CSDHI – L’agence de presse officielle de la République islamique, IRNA, a rapporté le 16 août 2026 :
« Shahram Sadeghi, le conducteur de la “voiture de la mort” au carrefour Golzar à Karaj, qui a renversé plusieurs membres des forces de l’ordre le 8 janvier 2026, a été exécuté aujourd’hui, dimanche 16 août, après confirmation de sa condamnation par la Cour suprême. »
Les médias officiels reconnaissent : 7 blessés, aucun mort !
Dans ce rapport consacré à cette exécution, IRNA écrit :
« Dans la nuit du 8 janvier de l’année dernière (1404 selon le calendrier persan), au milieu du coup d’État américano-sioniste, Shahram Sadeghi, au volant d’un véhicule Pride surnommé la “voiture de la mort”, a attaqué des agents près du carrefour Golzar à Karaj et renversé plusieurs membres des forces de l’ordre. Le fait de renverser délibérément des membres des forces de l’ordre, qui a provoqué stupeur et consternation parmi les personnes présentes, a causé de graves blessures à sept agents du FARAJA (police). L’acte brutal et violent de Sadeghi a provoqué des blessures à la tête, aux jambes, aux mains et aux yeux de sept policiers. »

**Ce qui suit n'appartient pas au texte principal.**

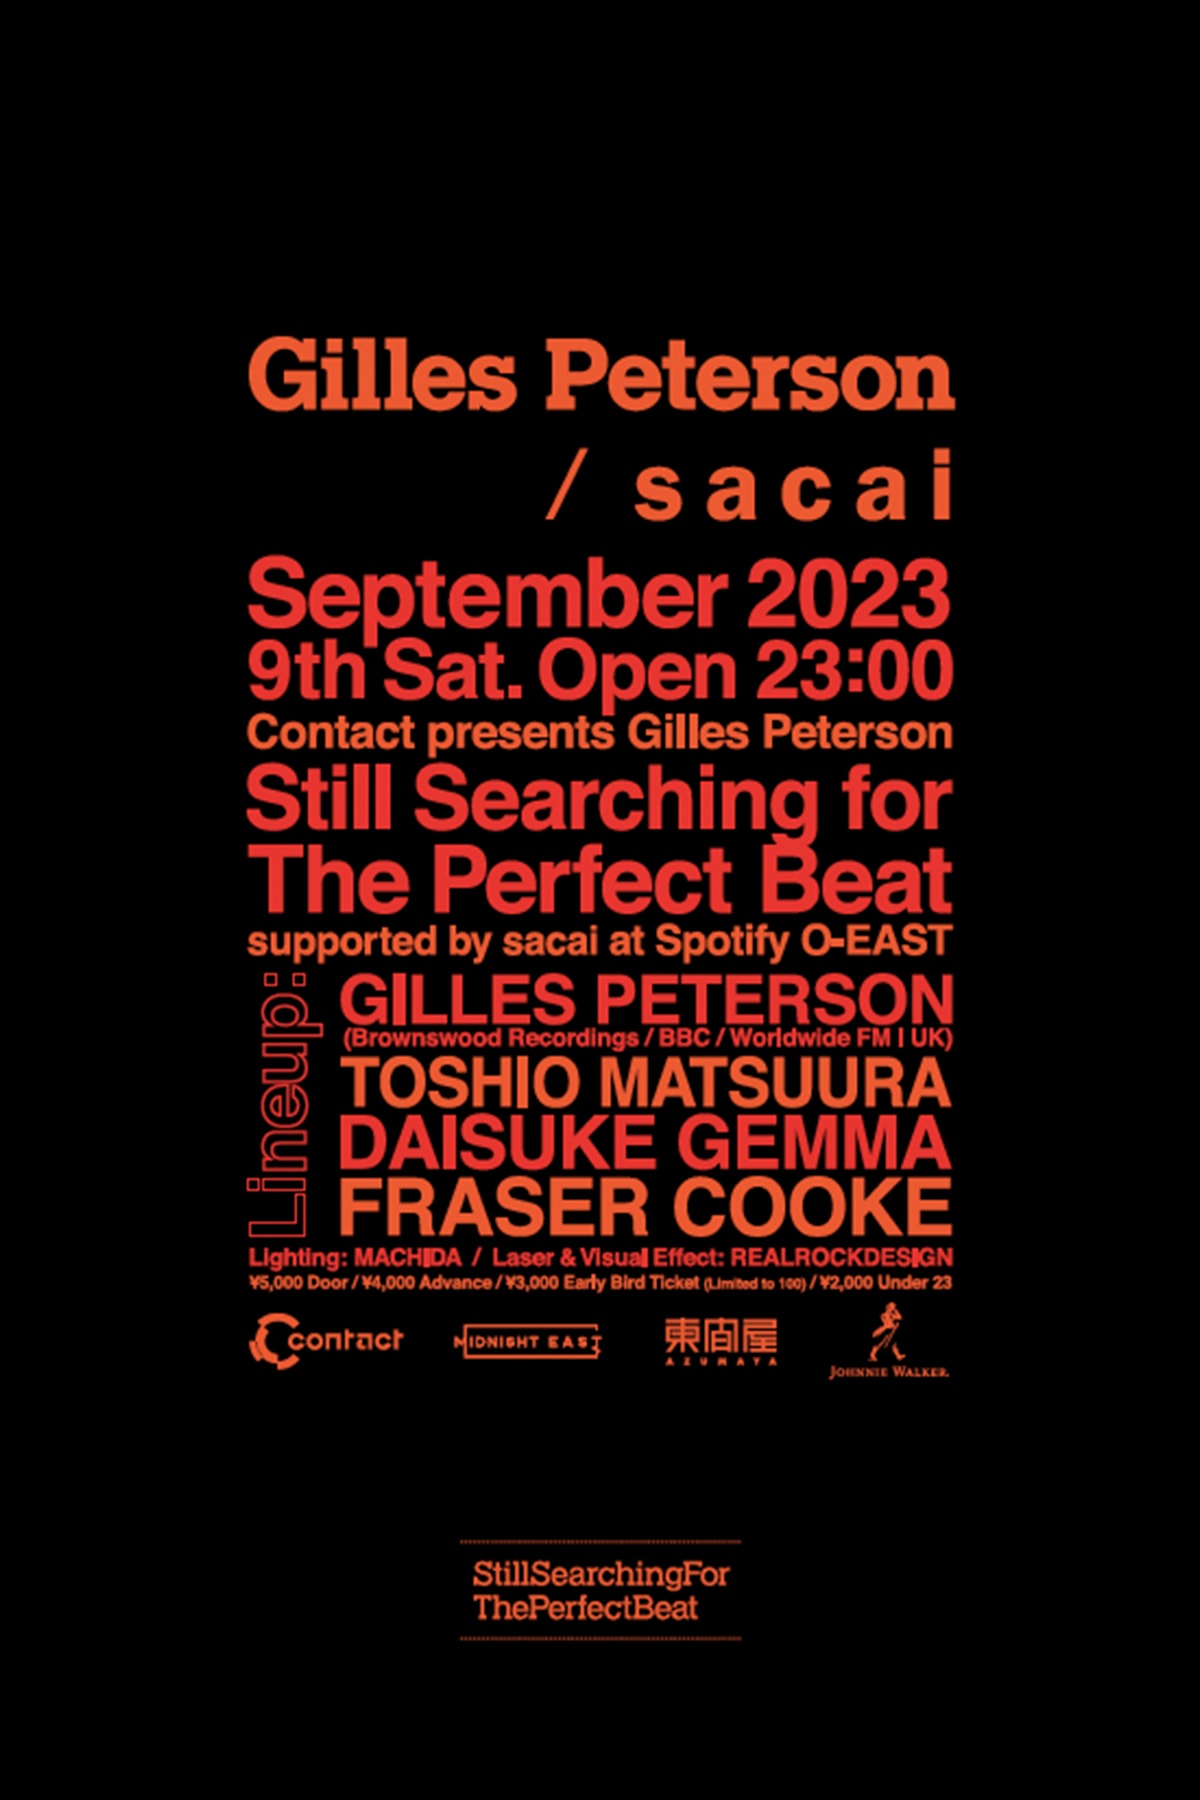 サカイからジャイルス・ピーターソンの来日ツアー記念Tシャツが発売 sacai  Gilles Peterson Still Searching for The Perfect Beat japan tour T-shirts release info

Ce rapport constitue en lui-même une reconnaissance explicite de la part de l’appareil judiciaire de la République islamique que, même à supposer que l’accusation d’avoir renversé des agents soit exacte, aucun meurtre n’a été commis et aucune personne n’a été tuée. Sur quelle base juridique, dès lors, une condamnation à mort a-t-elle été prononcée puis exécutée contre ce manifestant détenu ?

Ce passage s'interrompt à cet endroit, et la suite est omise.